Washington: Veteran actress Debbie Reynolds has said that the standard of Hollywood movies has gone down as compared to older generation movies.
“I wish they would clean up some of the movies, make them a little more wholesome,” Reynolds said.
“I think the American public wants that, so we should give it to them,” she said.
Linda Gray, best known for her role as the Sue Ellen Ewing in the prime time soap ‘Dallas’, said that today’s scripts often don’t develop characters and their relationships very well.
“We are used to everything being so fast – next, next, next – so it is lovely for younger people to be able to see the magnitude and magic of old Hollywood films. Films for me they have been all about relationships. I think they spent more time expanding those relationships back then,” she added.
Woody Allen’s longtime collaborator Tony Roberts misses the Old Hollywood studio system and how it functioned to establish iconic stars.

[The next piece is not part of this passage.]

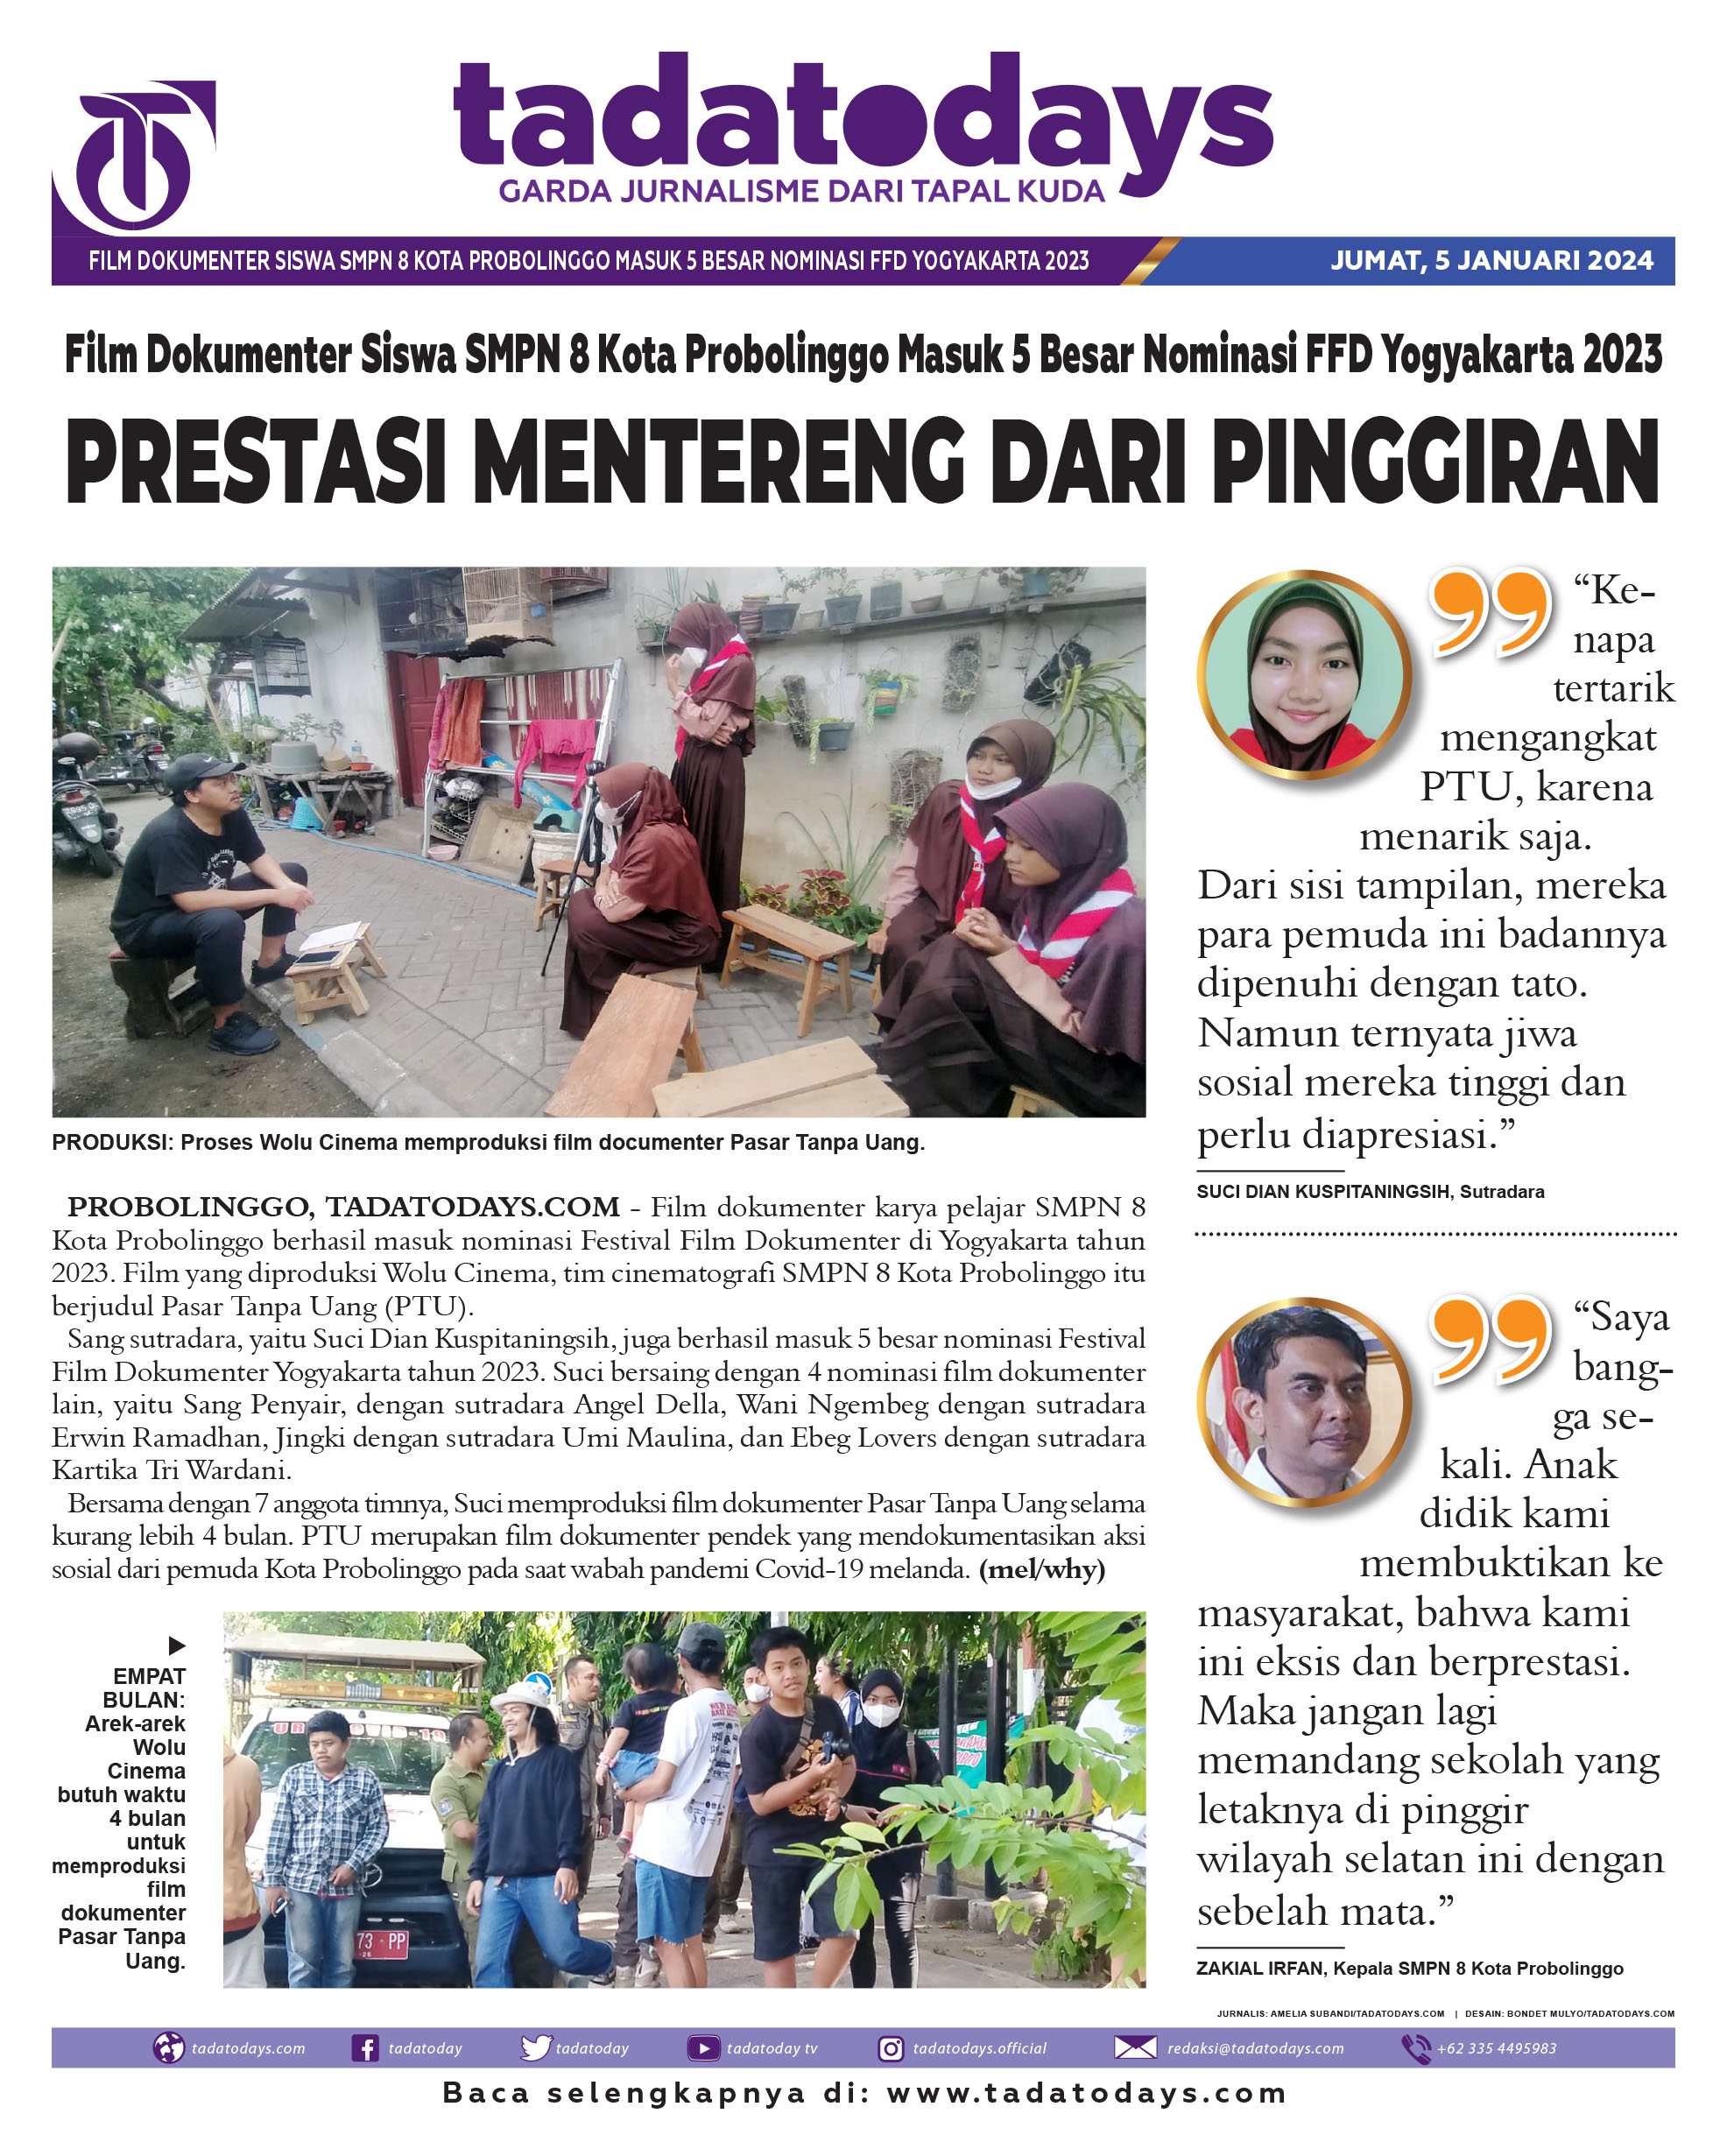 Film Dokumenter Siswa SMPN 8 Kota Probolinggo Masuk 5 Besar FFD Yogyakarta 2023

“In the old studio system [actors and actresses] signed up for seven years or five years, and they made a lot of movies each year. They could still make bad movies, yet they still got parts, because they had a contract and they learned on the job. Nowadays, if you are lucky enough to get one or two pictures under your belt, that could be the end of you – and you never grew, you never got that comfortable being a character in front of the camera,” he said.
Roberts said it was this stability that enabled screen stars to really shine.
“When you think of the old actors and the movies they made each year, they finally had a chance to be great when they got a great script. You can’t remember 80 pictures, but you remember five or four because they were good scripts and knew what to do with them. That’s what is missing today,” he added.